In the past years, Multi-Objective Evolutionary Algorithms (MOEAs) have been frequently used for color image segmentation25, 30. The purpose of these algorithms is to find optimal cluster centers. But these methods also suffer from higher computational requirements. To address this limitation, Kriging-assisted reference vector evolutionary algorithm (KREVA) based methods were proposed30, 31. A new deep learning method combined attention mechanisms and JGate modules into the Residual U-Net architecture for brain tumor segmentation32. This technique successfully extracted contextual information and minute details from brain MRI images to improve segmentation accuracy.
A method combined level sets with Backchannel Filling Convolutional Neural Networks (CNNs) for segmentation of skin lesions in images33. Lesion boundaries were enhanced by delineation of by filling in missing or unclear regions in skin lesion images; leading to improvement in segmentation accuracy. A method combined YOLOv8 with SAM and HQ-SAM models to achieve thorough multimodal segmentation in medical imaging34. While SAM and HQ-SAM improve segmentation by utilizing multi-scale features and hierarchical contexts; YOLOv8 offers accurate object detection. The combined method improved accuracy and robustness in the segmentation of complex medical images.
An algorithm named entropy regularized weighted FCM (EWFCM) used an improved objective function using local-feature weighted entropy regularization method, to select the optimal weights for image features35. A clustering method proposed an objective function to use local feature weighting scheme for finding clusters in images36. A new FCM based cluster weighting and feature weighting method overcame limitations in existing methods37. In CGGFCM, a feature weighting technique was used to improve clustering accuracy and a strategy for automatic cluster weighting to lessen sensitivity to cluster initialization38.
Early detection and diagnosis of cancer leads to successful treatment and lower mortality rates. In recent years, deep learning techniques have been used to achieve improved performance in image segmentation algorithms. An algorithm based on improved fuzzy local information C means (IFF-FLICM) segmentation was successfully used for detection and classification of Dataset-255 brain tumor images39. A study used a variety of machine learning classification method for predicting cervical cancer using different risk factors.

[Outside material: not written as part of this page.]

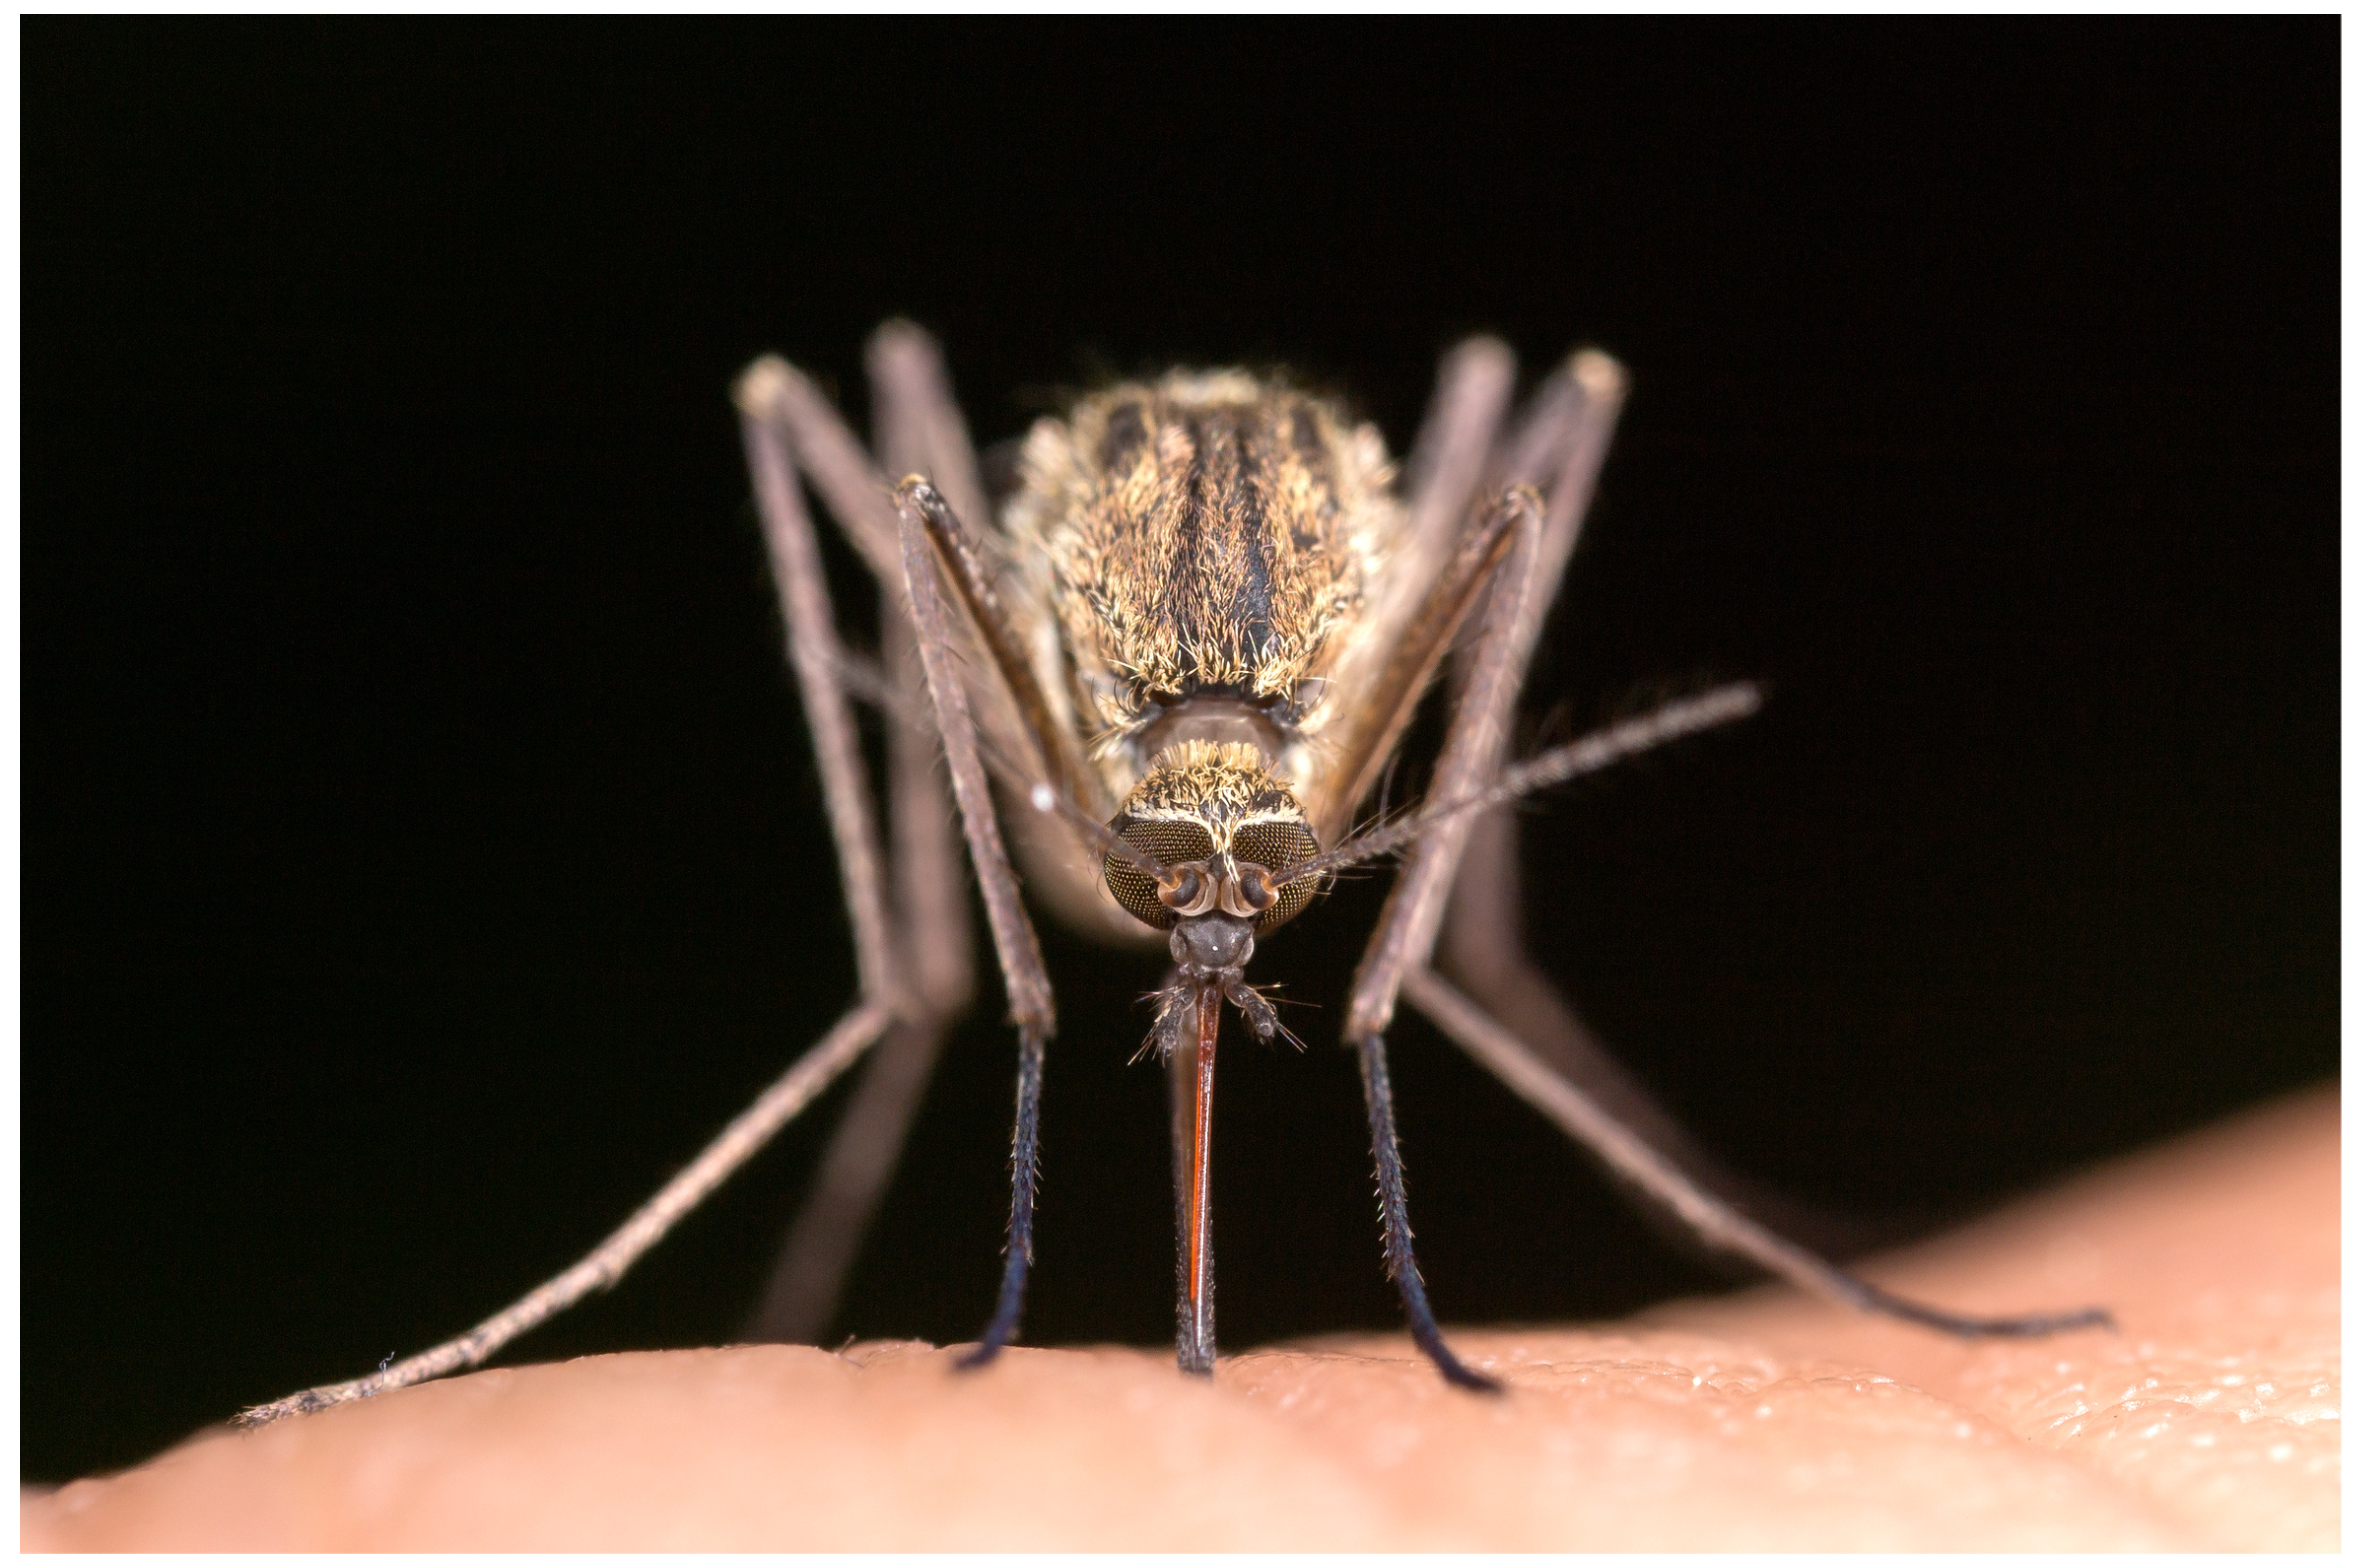 La dengue, le chikungunya et le Zika sont des arboviroses transmises par le moustique Aedes aegypti.

Based on this study and analysis of a dataset of around 850 patients, a deep-learning method was proposed for early diagnosis and detection of cervical cancer40. The flowchart of the proposed method incorporates the collection of patient’s information, pre-processing step, training of model, threshold prediction and setting, validation, and final diagnosis.

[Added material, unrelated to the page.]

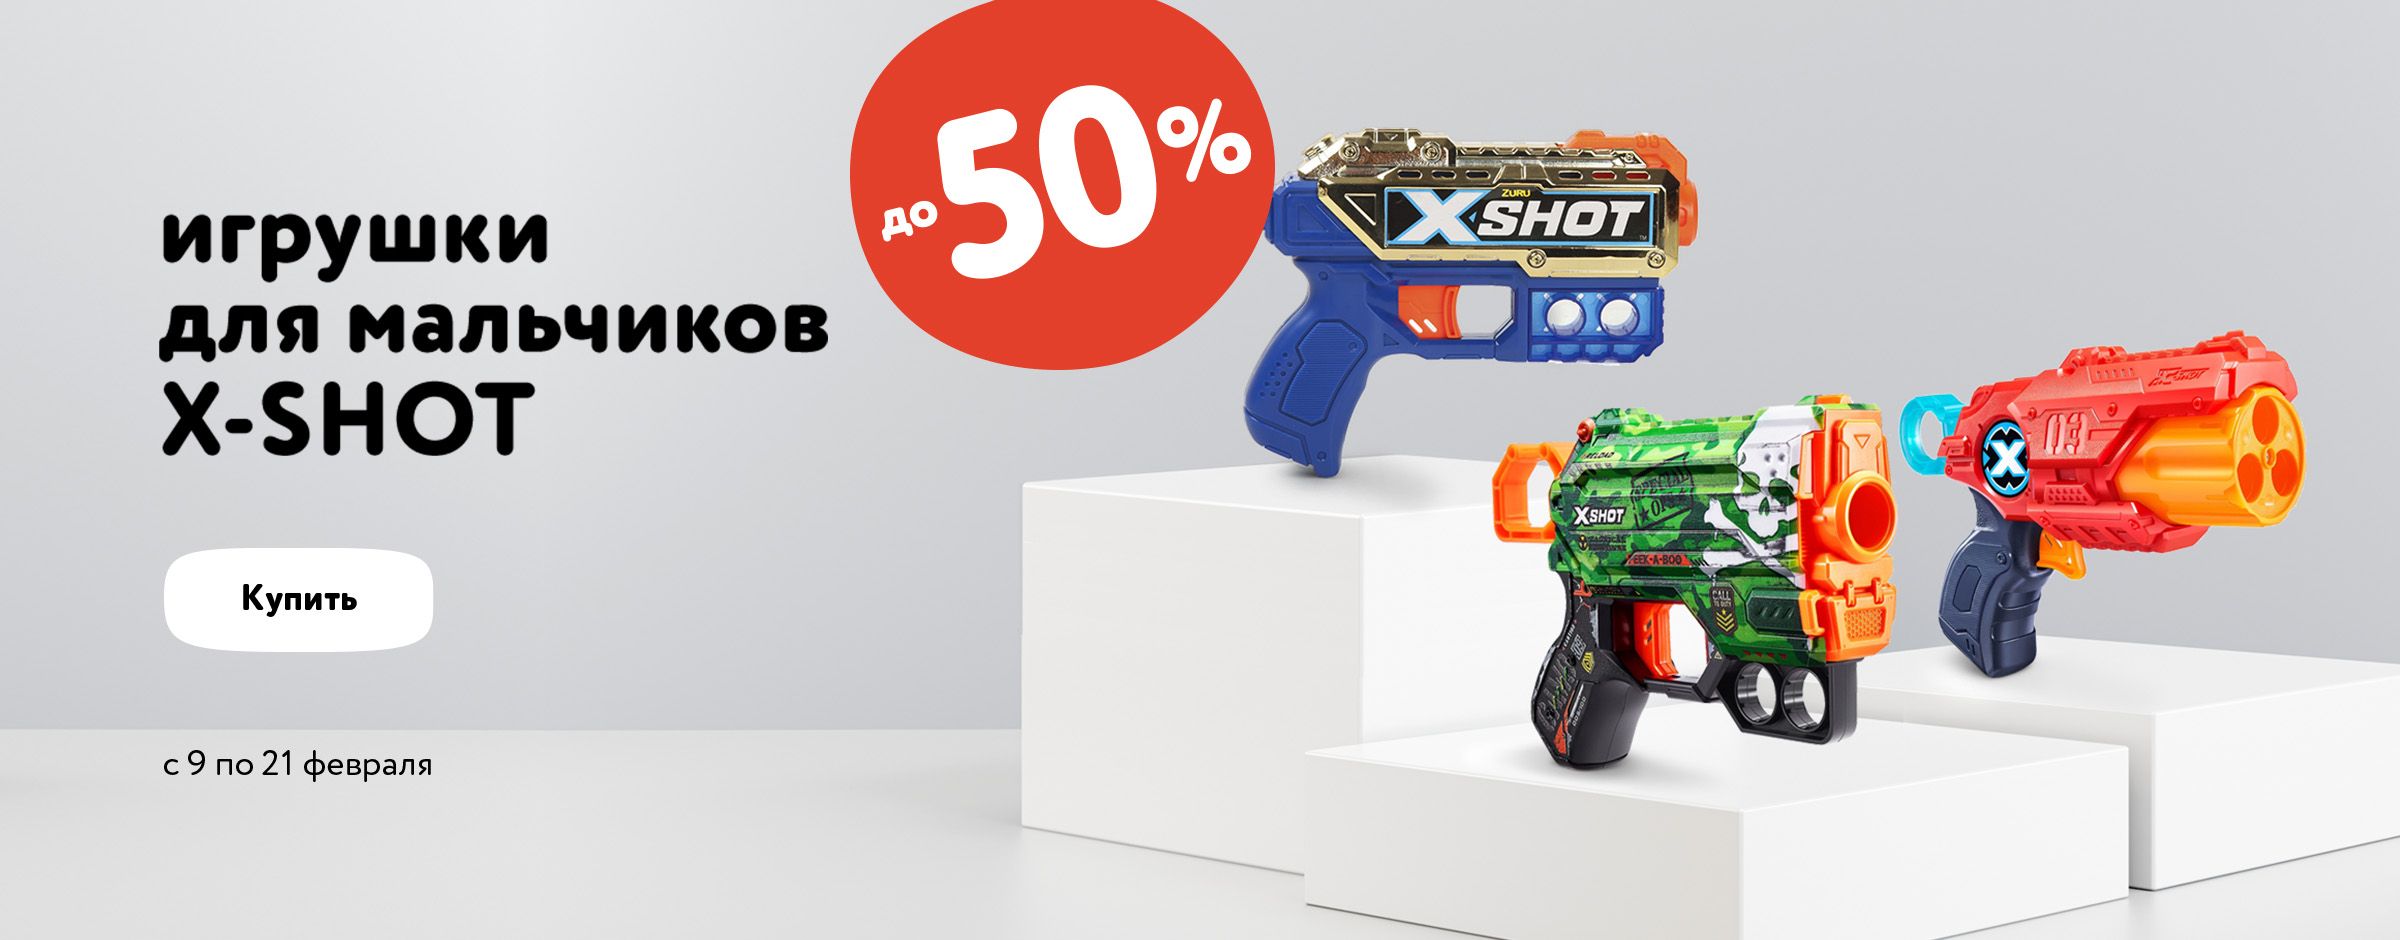 Скидка до 50% на игрушки для мальчиков X-SHOT _карусель +категории

A new machine learning model and FCM based segmentation algorithm was used for classification and detection of breast cancer from mammogram images41. Firstly, fuzzy factor improved fast and robust fuzzy c means (FFI-FRFCM) segmentation segmented the input image by modifying the member partition matrix of the FRFCM technique. Then an improved particle swarm optimization (PSO) was used for weight optimization of the ensemble extreme learning machine (EELM) model. The proposed method showed improved performance for classification of breast cancer images. Another algorithm for classification of breast cancer images introduced a novel hybrid DenseNet121-based ELM Model42. The features collected after the pooling and flatten layers at the first stage of the classification were used as input to the proposed DenseNet121-ELM model. The AdaGrad optimization algorithm was used for updating the weights of ELM. The performance evaluation of proposed method for batch size up to 128 showed improved performance and robustness of algorithm.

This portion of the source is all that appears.